Lorsqu’un tribunal prononce une peine, sa décision ne repose pas uniquement sur l’infraction commise. Le juge doit respecter un cadre fixé par la loi tout en appréciant les particularités de chaque dossier.
Comme l’explique le juriste Kalil Camara, « il y a une règle au rôle du juge dans la fixation des peines ». Cette règle repose sur le principe d’individualisation de la peine, selon lequel la sanction doit être adaptée à la situation de l’auteur et aux circonstances de l’infraction.
« Dans le choix de la peine prévue par le législateur (entre minimum et maximum, sursis et dispense, réduction et exemption), le juge tient compte des circonstances de l’infraction, du dommage causé et de la personnalité de l’auteur », précise-t-il.
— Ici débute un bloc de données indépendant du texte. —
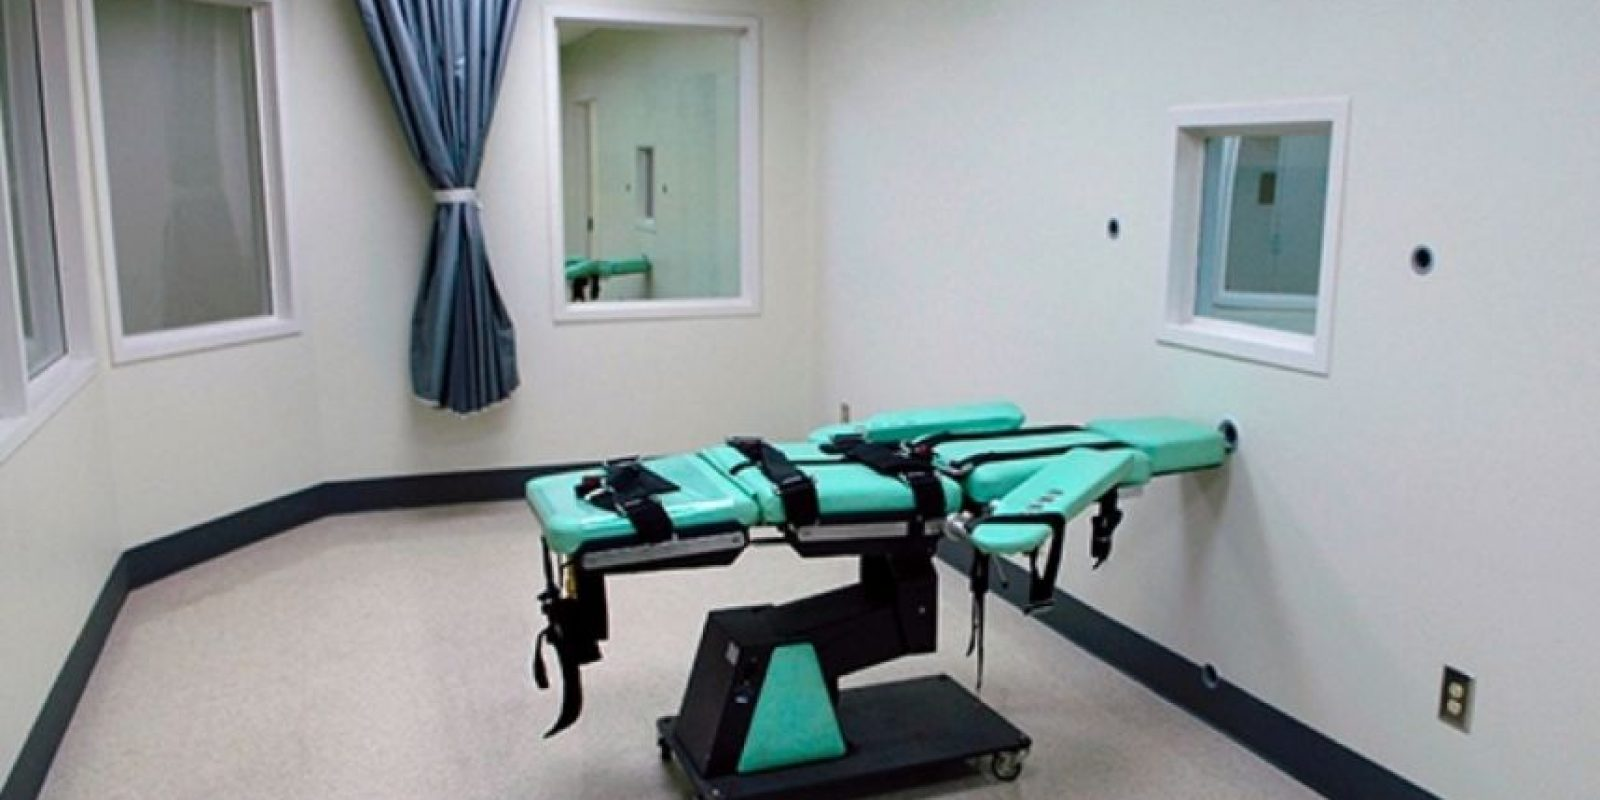 Países que siguen aplicando la pena de muerte Foto:Wikipedia.org

Autrement dit, le juge ne prononce pas une peine de manière automatique. Il dispose d’une marge d’appréciation, dans les limites prévues par la loi, afin de déterminer la sanction la plus appropriée.
La peine ne dépend pas uniquement de l’infraction
Une même infraction peut conduire à des décisions différentes selon les circonstances. Le tribunal examine notamment la gravité des faits, les conséquences pour les victimes, les conditions dans lesquelles l’acte a été commis, mais aussi le profil de la personne poursuivie.
Le juriste rappelle que la personnalité de l’auteur constitue un élément essentiel dans cette évaluation. Le juge peut prendre en considération son parcours, sa situation familiale, sociale ou professionnelle avant de fixer la peine.
La prison ferme : une décision qui doit être justifiée
Dans certains systèmes juridiques, le principe d’individualisation de la peine est clairement inscrit dans la loi. Le juriste cite notamment l’exemple français.
« En matière correctionnelle, la juridiction ne peut prononcer une peine d’emprisonnement sans sursis qu’en dernier recours, si la gravité de l’infraction et la personnalité de son auteur rendent cette peine nécessaire », explique Kalil Camara.
Selon lui, dans ce cas, « le Tribunal est tenu de motiver spécialement sa décision, s’il prononce une peine ferme », conformément à l’article 132-19 du Code pénal français issu de la loi du 15 août 2014.
Cette obligation signifie que le juge doit expliquer les raisons pour lesquelles une peine d’emprisonnement ferme apparaît indispensable dans le dossier.
Un principe présent dans le droit guinéen
Même si la formulation est différente, ce principe existe également dans la législation guinéenne à travers les règles relatives à la fixation des peines.
« Cette règle est tacitement prévue par le législateur guinéen dans ses dispositions concernant la fixation des peines », souligne le juriste.
Ainsi, qu’il s’agisse d’une amende ou d’une peine d’emprisonnement, la juridiction doit apprécier plusieurs éléments avant de rendre sa décision.
« Que ce soit les amendes ou les peines d’emprisonnement, la loi rappelle à la juridiction de tenir compte des circonstances ou de la gravité de l’infraction, de la personnalité de son auteur, de ses ressources et ses charges, conditions familiales, sociales, professionnelles, etc. », ajoute Kalil Camara.
Une appréciation au cas par cas
Le rôle du juge ne consiste donc pas seulement à constater qu’une infraction a été commise. Il doit aussi déterminer quelle sanction correspond le mieux à la situation examinée.
Cette approche vise à garantir une justice qui sanctionne les comportements interdits tout en évitant une application mécanique des peines. La décision judiciaire devient ainsi un équilibre entre la protection de la société, la réparation du préjudice et la prise en compte de la situation individuelle de l’auteur.